Congress were very important in the advancement of African-Americans however they were not the most important factor, the Supreme Court and the presidents were also important during the period of 1865- 1941.

Immediately after the civil war, and the emancipation proclamation black people had expected to gain rights. In 1866 Congress passed the Civil Rights Act, which stated that African- Americans were full citizens even if they had previously been slaves. This shows advancement on a massive scale because they now have citizenship, which is something that looked very unattainable prior to the Civil War, but now they have advanced and become American citizens. However on the other hand Congress also passed a Military Reconstruction Act in 1867, which declared that the South be divided into 5 regions and each region had a choice of who could vote, this included the African-Americans. In 1875 Congress also passed another civil rights act which made clear that blacks had equal rights in public places such, however this was not enforced and even though it shows that congress are willing to help the advancement of black people, they did not progress from it.

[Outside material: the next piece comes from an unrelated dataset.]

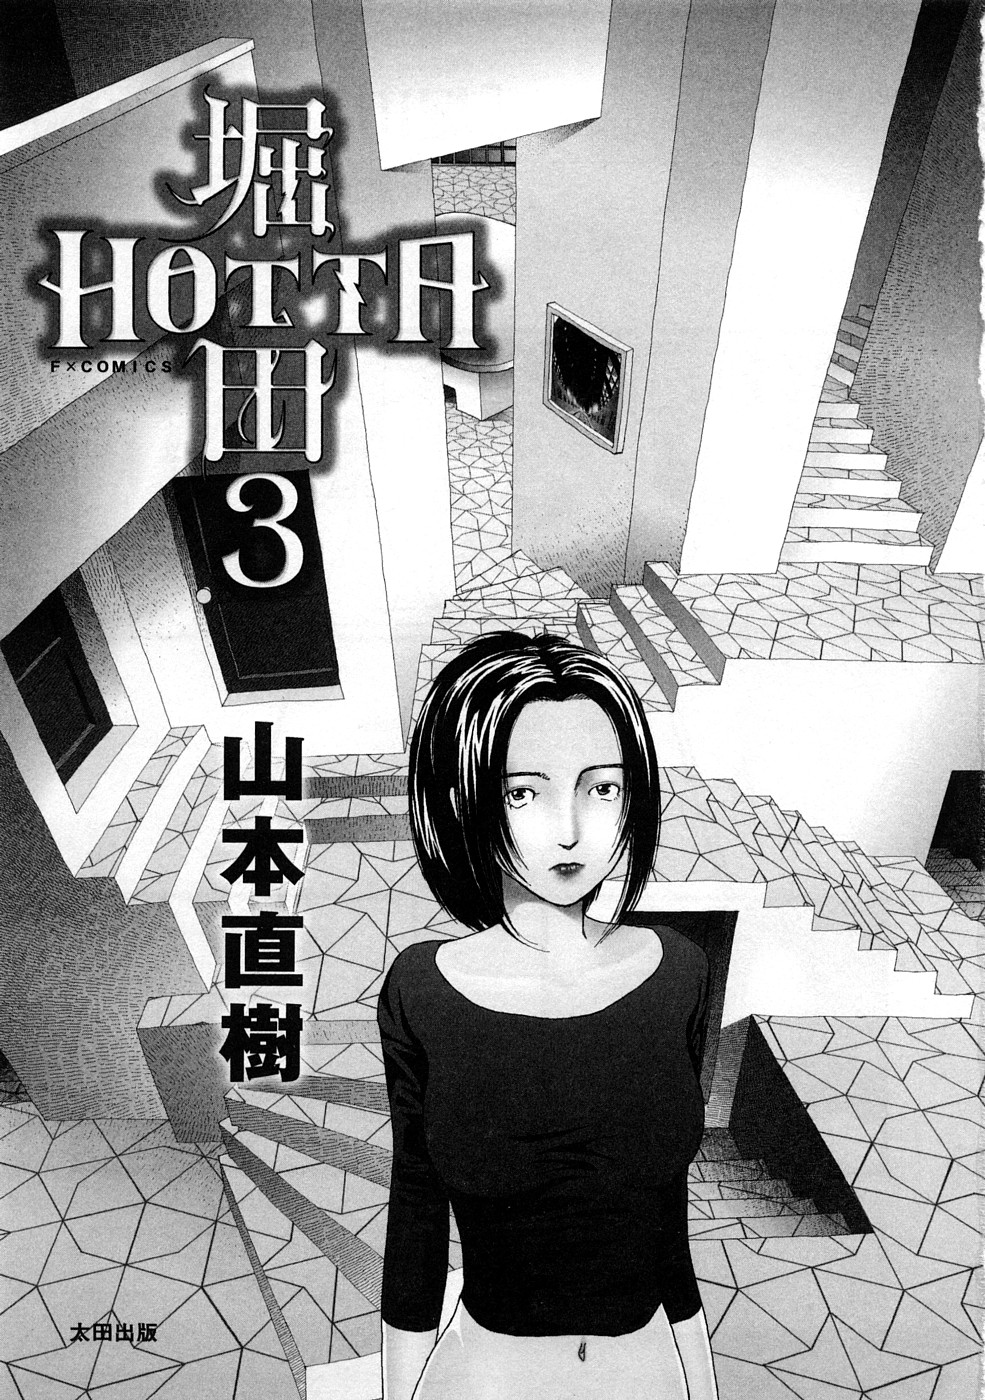 [Yamamoto Naoki] Hotta 3 [山本直樹] 堀田 3 [08-08-05]

The Supreme Court had a role in the advancement of African- Americans, however it was not always a positive one. In 1873 there was the slaughterhouse case, which resulted in the Supreme Court saying that the rights of citizens should stay under federal control and that the fourteenth amendment only protected an individuals rights and not the individuals civil rights, this was under the discretion of the state. This was the start of negative results for black people as far as their civil rights were concerned. In 1896 the Supreme Court case Plessy v. Ferguson proclaimed that segregation was constitutional and in this instance Plessy was decided against eight to one. This shows massive...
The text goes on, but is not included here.